Defining relevant geographic areas becomes salient in light of the modifiable areal unit problem, i.e. the fact that analytical results are sensitive to the definition of spatial units at which data are aggregated [32, 33]. In other words, area effects may be observed only at certain scales, i.e. scales at which data are collected and aggregated and may vary or be absent when observed at other scales. Imposing arbitrary spatial units on a continuous spatial process, e.g. characteristics of environments, may lead to the delineation of artificial spatial patterns. In such cases, environment characteristics may be measured with error. As a result the internal validity of the study, i.e. whether or not observed associations are unbiased, may be threatened.
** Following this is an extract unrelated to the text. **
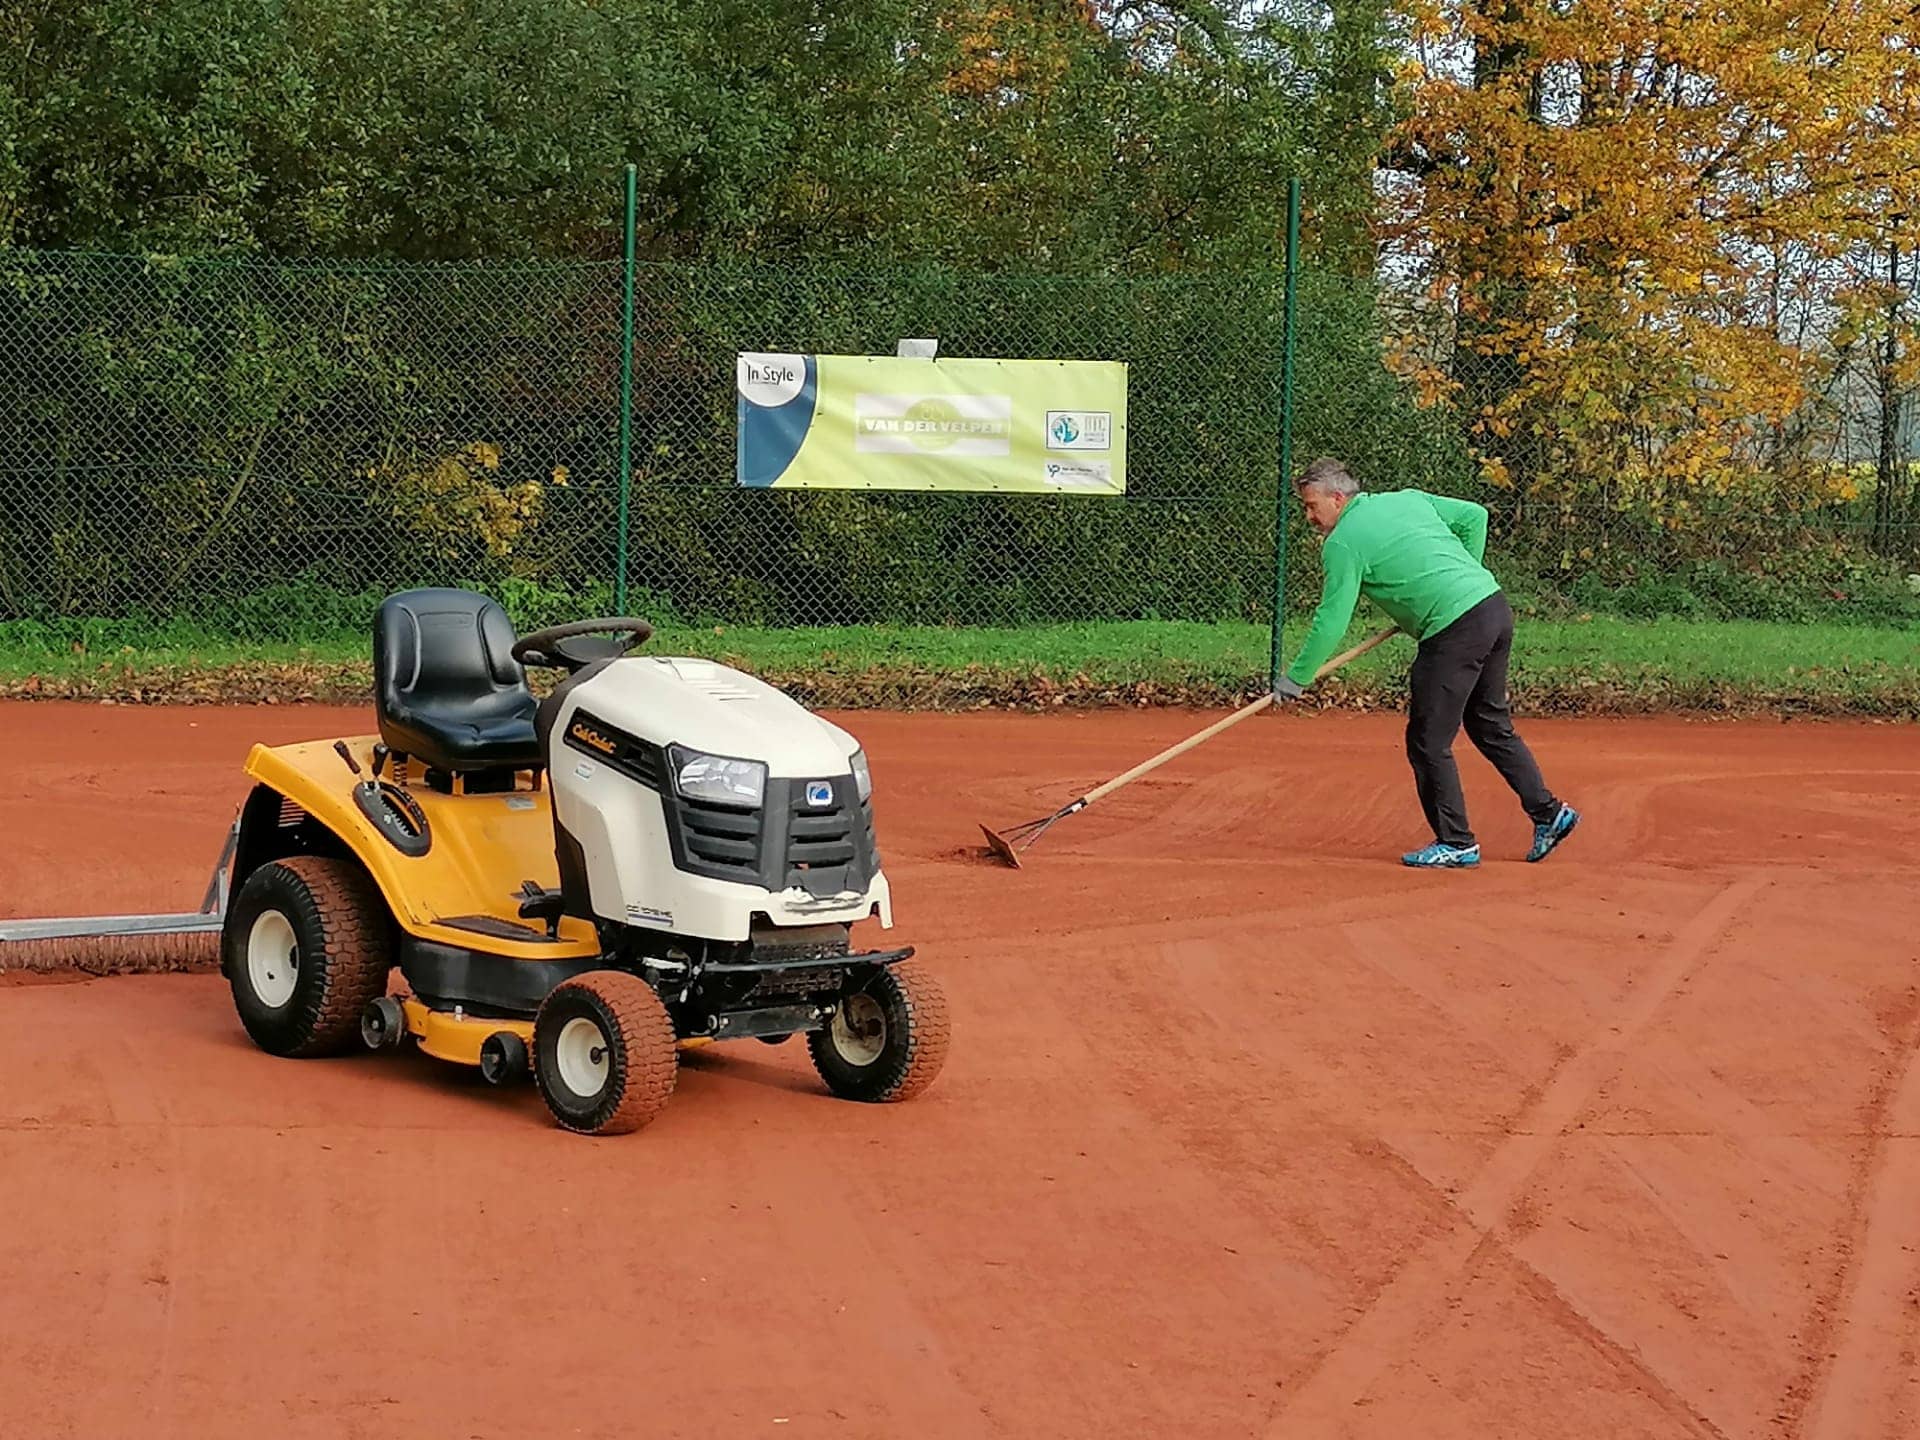 Bierbeekse Tennisclub innoveert op ecologische manier

In addition, as per spatial autocorrelation, areas will share similar contextual conditions as a function of their proximity in space . By using spatial units of convenience, it is assumed that contextual conditions within one area are different and influence health independently of conditions in neighbouring areas [4, 5, 21, 22, 24–26, 35], when in fact these conditions are clustered in space. Furthermore, for any area effects to be detected there must be variation in the exposure being studied . Yet the variation of environment characteristics may be smoothed out by the definition of area units used to measure them. For example, if spatial units encompass environments that are both conducive to walking and others that are less so, averaging values of conduciveness over census tracts could potentially lead to mismeasurment of exposures. Within area homogeneity along the contextual conditions under examination is thus required for minimising measurement error. Correspondingly, for inferring about area effects on health, between area differences must be maximised: if data are collected in contiguous and heterogeneous areas, variations in both characteristics of environments and health outcomes, and their association, may be misestimated. As area effects on health have been observed to be stronger in more homogeneous areas [37, 38], homogeneity of areas may thus influence the estimation of area effects and therefore the validity of conclusion.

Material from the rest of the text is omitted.